Second, and most crucially, the euro zone would become a more credible and coherent unit without Germany. Liberated from German obstruction, the ECB would be able to follow the examples of the U.S., Japanese, British and Swiss central banks, using quantitative easing to bring down interest rates to zero at the short end and to around 2 percent on long-term bonds. Just as important, the euro governments could finally form a genuine fiscal union, using the entire fiscal capacity of the euro zone to back jointly guaranteed eurobonds. The euro zone could then be treated again as a single economic unit, comparable to the U.S., Japan or Britain – and in terms of key fiscal ratios it would score well. Public deficits in euroland ex Germany were 5.3 percent of GDP in 2011, according to the IMF, compared with roughly 9 percent in Britain and 10 percent in the U.S. and Japan. Gross debt (including financial bailouts) was 90.4 percent of GDP, against 98 percent, 103 percent and 205 percent in Britain, the U.S. and Japan, respectively. Trade deficits were much smaller than in Britain or the U.S. In short, euroland without Germany would be far from bankrupt – and the key reason for the euro crisis isn’t lack of competitiveness but Germany’s refusal to mutualize and monetize public debts.
Third, a euro break-up caused by Germany withdrawing would be far less chaotic from a legal standpoint than a break-down in which the euro disintegrated as weak countries were pushed out. The euro without Germany would remain a legal currency, governed by the same treaties as before. International contracts in euros would be legally unaffected, but simply devalued in terms of new German marks or dollars, just as British contracts were devalued when the pound fell from $2 to $1.40 from 2008 to 2009. Only contracts within Germany governed by German domestic law, for example retail bank deposits and wage deals, would be redenominated into marks. The German government would face no legal challenge if it decided to save money by repaying bonds in devalued euros (as specified in the contract) instead of converting them into marks (as speculative investors might hope).
IU.eu: Are there any other ways out of the current mess?
Gloy: Yes, I think the least painful way out is for the major creditor countries—Germany and the Netherlands—to leave the euro first, before everything else crumbles.
These two countries could create a new currency, called the neuro, or Northern Euro, for example. This would make German savers happy, while taking the pressure off the remaining members of the single currency. Over time the neuro would probably appreciate, and holders of the euro would be free to switch some of their assets into it.
IU.eu: How likely is this to occur?
Gloy: Given the current stance of EU politicians and central bankers, it’s very unlikely.

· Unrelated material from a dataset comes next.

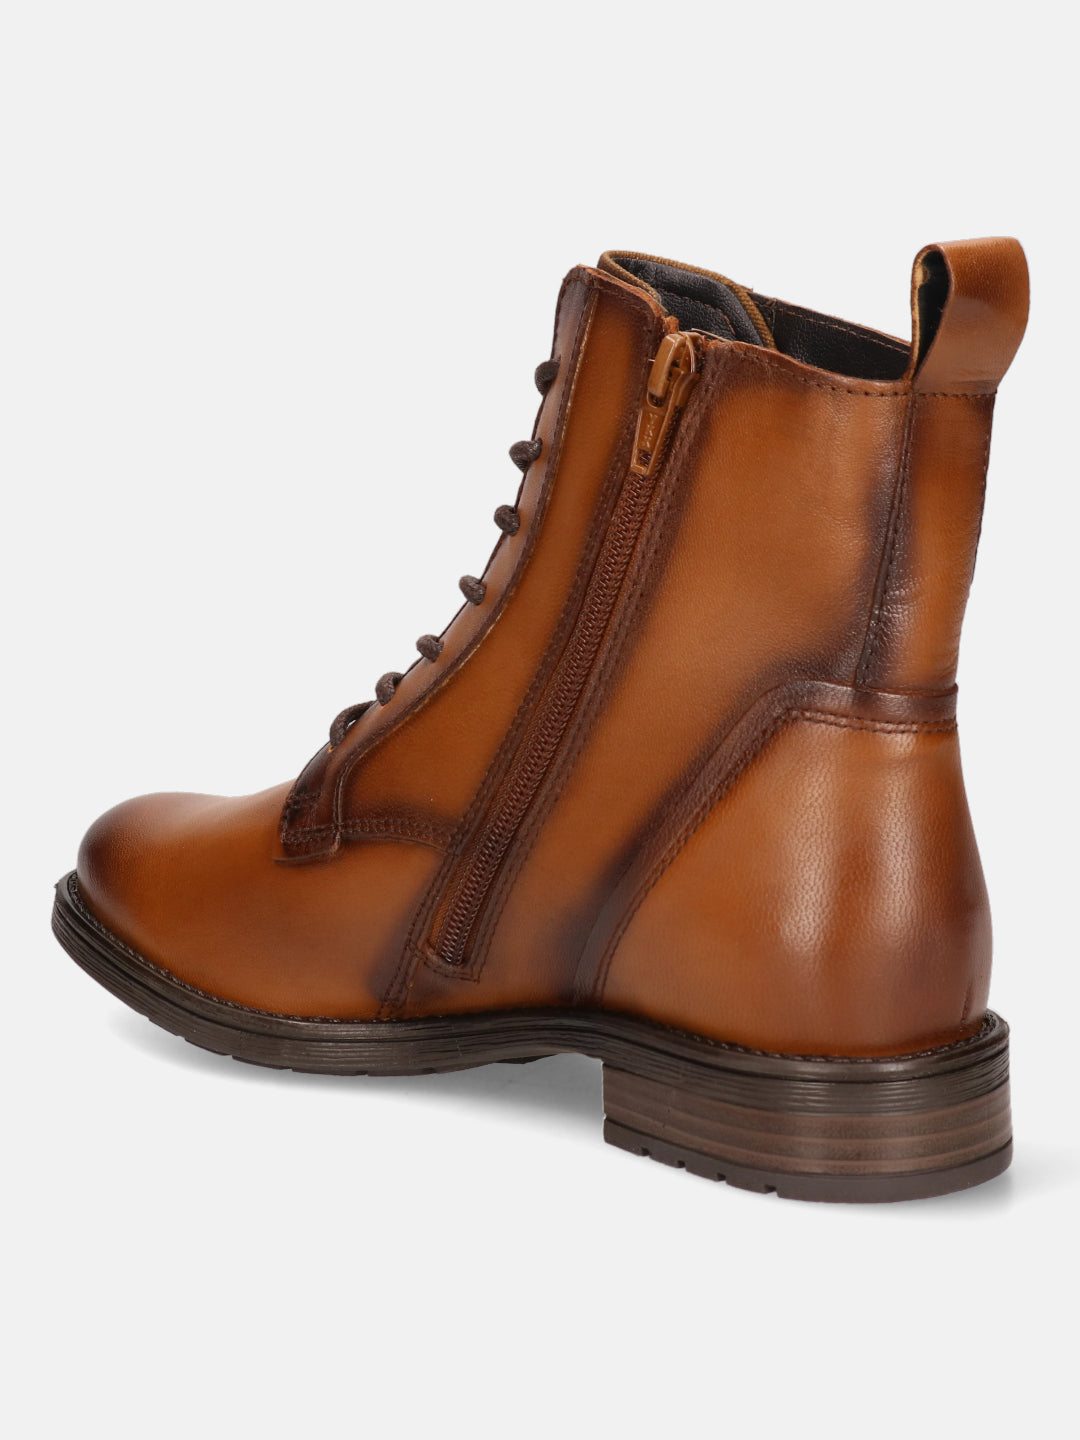 Ronja I Cognac Leather Ankle Boots

But it’s the least worst of the outcomes, by far.
But are there any modern examples of currency unions breaking up in an orderly manner with minimal economic disruption? I can think of some currency pegs that ended without major harm but I can't think of any actual unions that ended without doing so. The rubble union dissolving might not have been a huge deal but only because the other changes to the affected countries were enormous. Maybe the dissolution of the Scandinavian Monetary Union in 1914 would qualify but WWI loomed large in that decision. War, financial crises, and depression do see to be the most frequent fellow travelers with dissolution of currency unions. Perhaps that's not because dissolution is horrendous so much as it is a high risk, relatively low reward strategy that is only worth trying when things are already terrible.